§ PROBLEM DESCRIPTION:
Every entry must be given again exactly as it is written.

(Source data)
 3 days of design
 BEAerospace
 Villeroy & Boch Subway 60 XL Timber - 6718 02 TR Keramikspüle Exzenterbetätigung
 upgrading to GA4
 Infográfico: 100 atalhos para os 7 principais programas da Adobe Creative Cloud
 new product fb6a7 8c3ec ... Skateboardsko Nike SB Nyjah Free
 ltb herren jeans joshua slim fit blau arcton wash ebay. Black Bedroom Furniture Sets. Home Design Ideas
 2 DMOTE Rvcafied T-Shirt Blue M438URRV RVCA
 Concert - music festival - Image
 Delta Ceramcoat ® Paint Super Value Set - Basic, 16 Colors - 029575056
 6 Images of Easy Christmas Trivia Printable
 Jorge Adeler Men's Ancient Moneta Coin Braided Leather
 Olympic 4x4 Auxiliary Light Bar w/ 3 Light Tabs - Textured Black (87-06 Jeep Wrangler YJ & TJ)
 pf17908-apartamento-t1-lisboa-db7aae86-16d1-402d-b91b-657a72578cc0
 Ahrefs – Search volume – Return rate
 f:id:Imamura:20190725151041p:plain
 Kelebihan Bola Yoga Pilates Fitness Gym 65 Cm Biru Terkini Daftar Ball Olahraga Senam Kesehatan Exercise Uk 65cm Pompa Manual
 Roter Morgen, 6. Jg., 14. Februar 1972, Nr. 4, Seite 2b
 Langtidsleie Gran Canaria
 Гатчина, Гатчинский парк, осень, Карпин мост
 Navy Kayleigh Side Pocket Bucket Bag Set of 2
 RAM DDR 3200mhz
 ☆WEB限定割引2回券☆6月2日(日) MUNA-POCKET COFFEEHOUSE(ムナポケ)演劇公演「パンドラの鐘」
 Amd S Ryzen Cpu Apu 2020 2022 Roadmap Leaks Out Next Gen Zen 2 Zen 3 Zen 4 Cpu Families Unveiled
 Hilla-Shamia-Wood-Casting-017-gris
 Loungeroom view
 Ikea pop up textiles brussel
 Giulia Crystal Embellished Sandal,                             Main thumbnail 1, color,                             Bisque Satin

§ TASK ANSWER:
 3 days of design
 BEAerospace
 Villeroy & Boch Subway 60 XL Timber - 6718 02 TR Keramikspüle Exzenterbetätigung
 upgrading to GA4
 Infográfico: 100 atalhos para os 7 principais programas da Adobe Creative Cloud
 new product fb6a7 8c3ec ... Skateboardsko Nike SB Nyjah Free
 ltb herren jeans joshua slim fit blau arcton wash ebay. Black Bedroom Furniture Sets. Home Design Ideas
 2 DMOTE Rvcafied T-Shirt Blue M438URRV RVCA
 Concert - music festival - Image
 Delta Ceramcoat ® Paint Super Value Set - Basic, 16 Colors - 029575056
 6 Images of Easy Christmas Trivia Printable
 Jorge Adeler Men's Ancient Moneta Coin Braided Leather
 Olympic 4x4 Auxiliary Light Bar w/ 3 Light Tabs - Textured Black (87-06 Jeep Wrangler YJ & TJ)
 pf17908-apartamento-t1-lisboa-db7aae86-16d1-402d-b91b-657a72578cc0
 Ahrefs – Search volume – Return rate
 f:id:Imamura:20190725151041p:plain
 Kelebihan Bola Yoga Pilates Fitness Gym 65 Cm Biru Terkini Daftar Ball Olahraga Senam Kesehatan Exercise Uk 65cm Pompa Manual
 Roter Morgen, 6. Jg., 14. Februar 1972, Nr. 4, Seite 2b
 Langtidsleie Gran Canaria
 Гатчина, Гатчинский парк, осень, Карпин мост
 Navy Kayleigh Side Pocket Bucket Bag Set of 2
 RAM DDR 3200mhz
 ☆WEB限定割引2回券☆6月2日(日) MUNA-POCKET COFFEEHOUSE(ムナポケ)演劇公演「パンドラの鐘」
 Amd S Ryzen Cpu Apu 2020 2022 Roadmap Leaks Out Next Gen Zen 2 Zen 3 Zen 4 Cpu Families Unveiled
 Hilla-Shamia-Wood-Casting-017-gris
 Loungeroom view
 Ikea pop up textiles brussel
 Giulia Crystal Embellished Sandal,                             Main thumbnail 1, color,                             Bisque Satin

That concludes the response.